Si consigues alejarte unos millones de kilómetros de la Tierra, hasta que solo es un punto azul pálido rodeado de millones de galaxias, tomas perspectiva, y te preguntas: ¿por qué la gente otorga tantísima importancia a ideas y costumbres cuando solo son menudencias en un universo incomprensible?
¿Para qué tanta defensa de creencias y costumbres si en unos años estaremos muertos? ¿Para qué tanto miedo y reverencia si al final nuestro sol se convertirá en una gigante naranja y engullirá la Tierra?
El poco tiempo que tenemos aquí, resulta al menos entretenido o esclarecedor el buscar, explorar y someter a crítica lo que consideramos falso o insuficientemente fundado a fin de evitar el sufrimiento o, en el mejor de los casos, acercarnos a la belleza de la verdad, esa verdad siempre inalcanzable.
Somos polvo en mitad de polvo haciéndonos preguntas insignificantes y aproximándonos pesarosamente a determinadas parcelas de la verdad (básicamente localizando patrones o modelos que nos permiten predecir lo que pasará, y saber por qué pasa lo que pasa o pasó lo que pasó), y, sin embargo, nos golpeamos el pecho y nos ofendemos a la mínima cada vez que alguien cuestiona o ridiculiza nuestro, por definición, sistema de creencias cuestionable y ridículo.
No importa lo que creamos, siempre pensamos que es mejor creencia que la ajena, y más importante: que esas creencias nos definen y su destitución afecta a nuestra reputación de tipos sagaces, así que las defendemos con encono, nos autoengañamos si alguien descubre el pastel y nos aferramos finalmente a ellas no ya como verdades dogmáticas e indiscutibles, sino también como pavimento donde sostener todo lo que somos.
Sin embargo, la única forma de explorar es moverse, dejar el pavimento que nos sostiene, hallar nuevos descubrimientos, soportar la crítica y el ludibrio de quienes no piensan como nosotros, y hacerlo con deportividad y la mente abierta.
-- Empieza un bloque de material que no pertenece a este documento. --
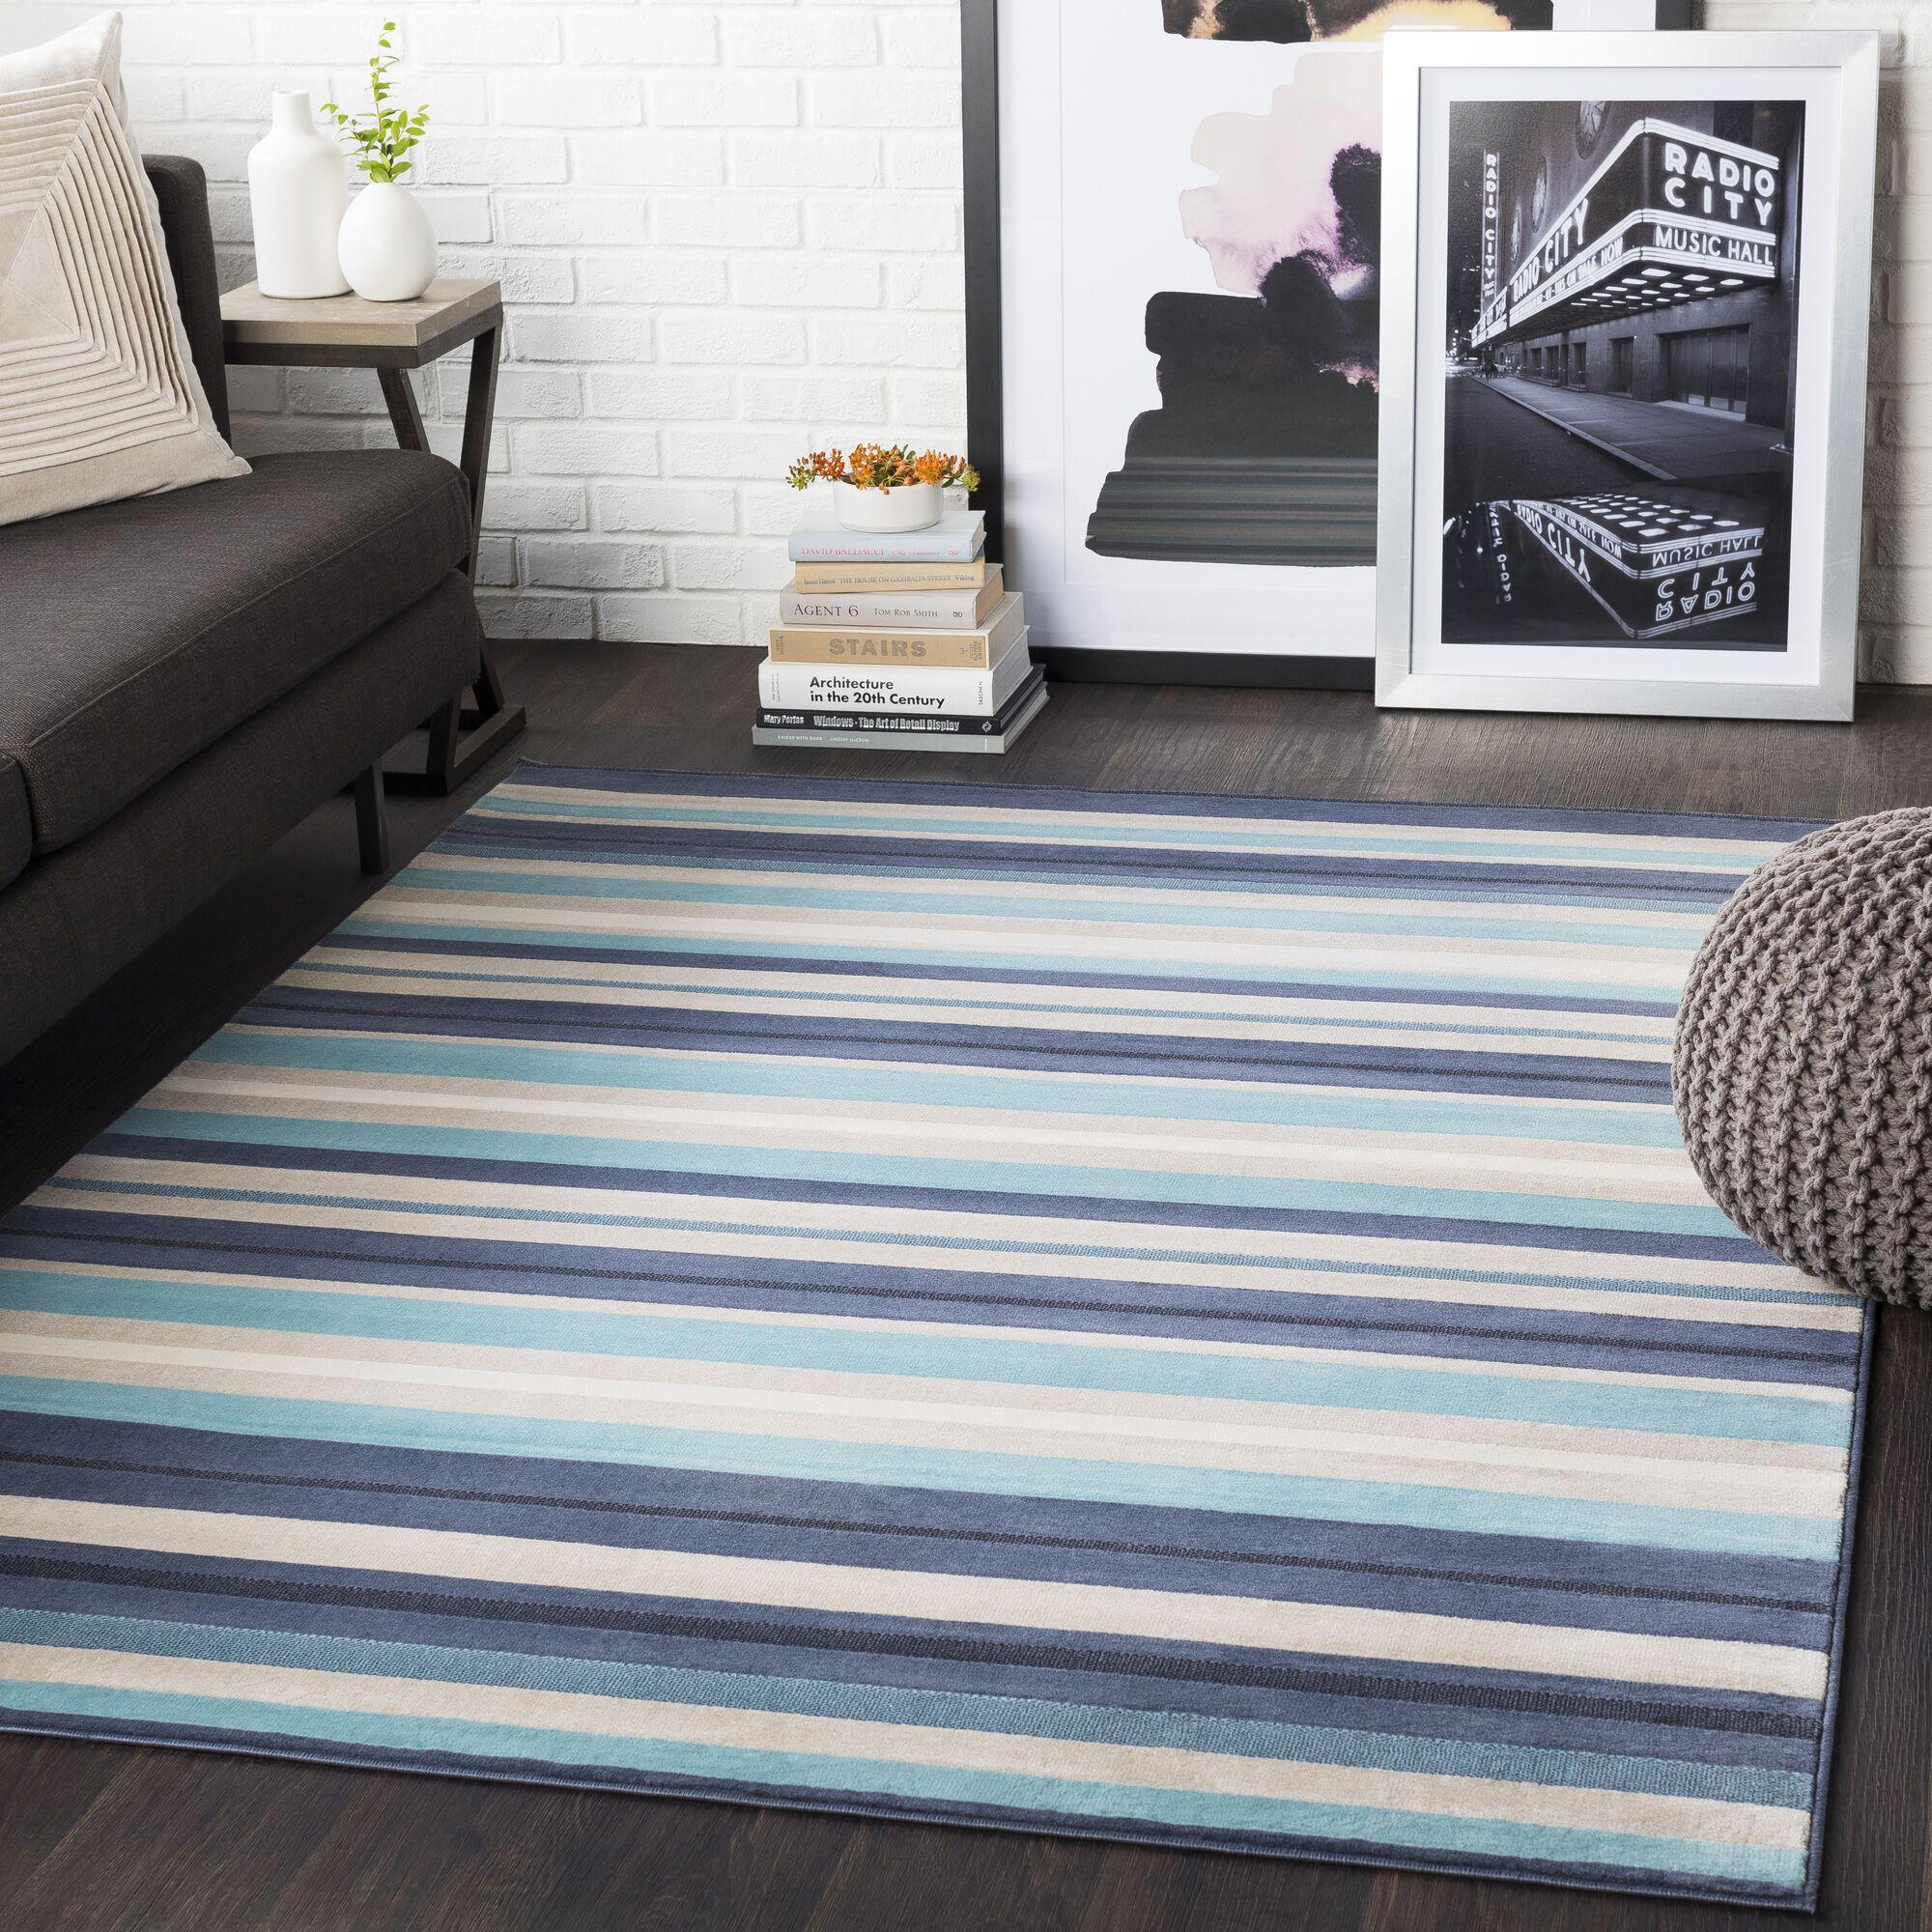 Bahr Striped Aqua/Charcoal Area Rug Rug Size: Rectangle 7'10

La única forma de explorar y descubrir pasa por vaciar las alforjas lo máximo posible, soltar lastre para no parecer un fanático atrapado en sus cuatro muros quebradizos y sofocantes impuestos por la cultura religiosa, moral o laica vigente.
Quien se lanza a explorar debe estar preparado para cambiar su punto de vista de las cosas, su punto de vista sobre su importancia relativa en el mundo y, ante todo, debe estar dispuesto a cambiar y progresar, asimilar y matizar, todo lo que cree, todo lo que opina, todo lo que siente. De lo contrario, el que explora no se está moviendo del sitio o transporta consigo su pequeña atmósfera de ideas, siempre manteniéndose aparte de todo lo demás, como una pieza de museo expuesta en un viril.
Quien está dispuesto a explorar no considera que sus cuatro verdades sobre el mundo constituyen la verdad absoluta, de lo contrario acabará siempre desconfiando de otros puntos de vista y ofendiéndose a la mínima, obligando a todos los que se crucen en su camino a que se la cojan con papel de fumar. Todo por miedo y rabia a aceptar que solo es un simple explorador rodeado de cosas que ignora.
Todo porque ha asociado su Yo a esas cuatro verdades, en vez de asumir que su Yo debe estar siempre evolucionando en función de lo que descubre en su exploración, y en consecuencia solo se adhiere temporalmente a unas y otras ideas. Y por tanto las ideas no le definen como explorador y tampoco como individuo, sino el continuo trasiego de las mismas, su movimiento exploratorio, sus evoluciones e involuciones, sus epifanías o seppukus, siempre en movimiento, como nubes en un cielo turbulento. Eso es el Yo, movimiento. Lo contrario es parálisis, muerte cerebral.
Quien está dispuesto a explorar debe asumir que quizá se encontrará con una tribu pintoresca que viste con taparrabos y lleva a cabo costumbres ridículas, ofreciendo explicaciones a fenómenos naturales que, de todo punto, son erróneas, producto de su imaginación o de su necesidad de llenar sus huecos de ignorancia con mitos y explicaciones reconfortantes. Entonces tú dirás la tuya, exhibirás lo que sabes, encenderás tu mechero para demostrar que puedes hacer fuego.
No importa si la tribu te erige como su nuevo Dios, o si estalla en carcajadas ante tus ideas, totalmente ridículas en comparación con su sistema de creencias. Eso es lo de menos. Lo importante, lo verdaderamente importante, es que el explorador sabe que frente a esa tribu con taparrabos quizá se está mirando en un espejo.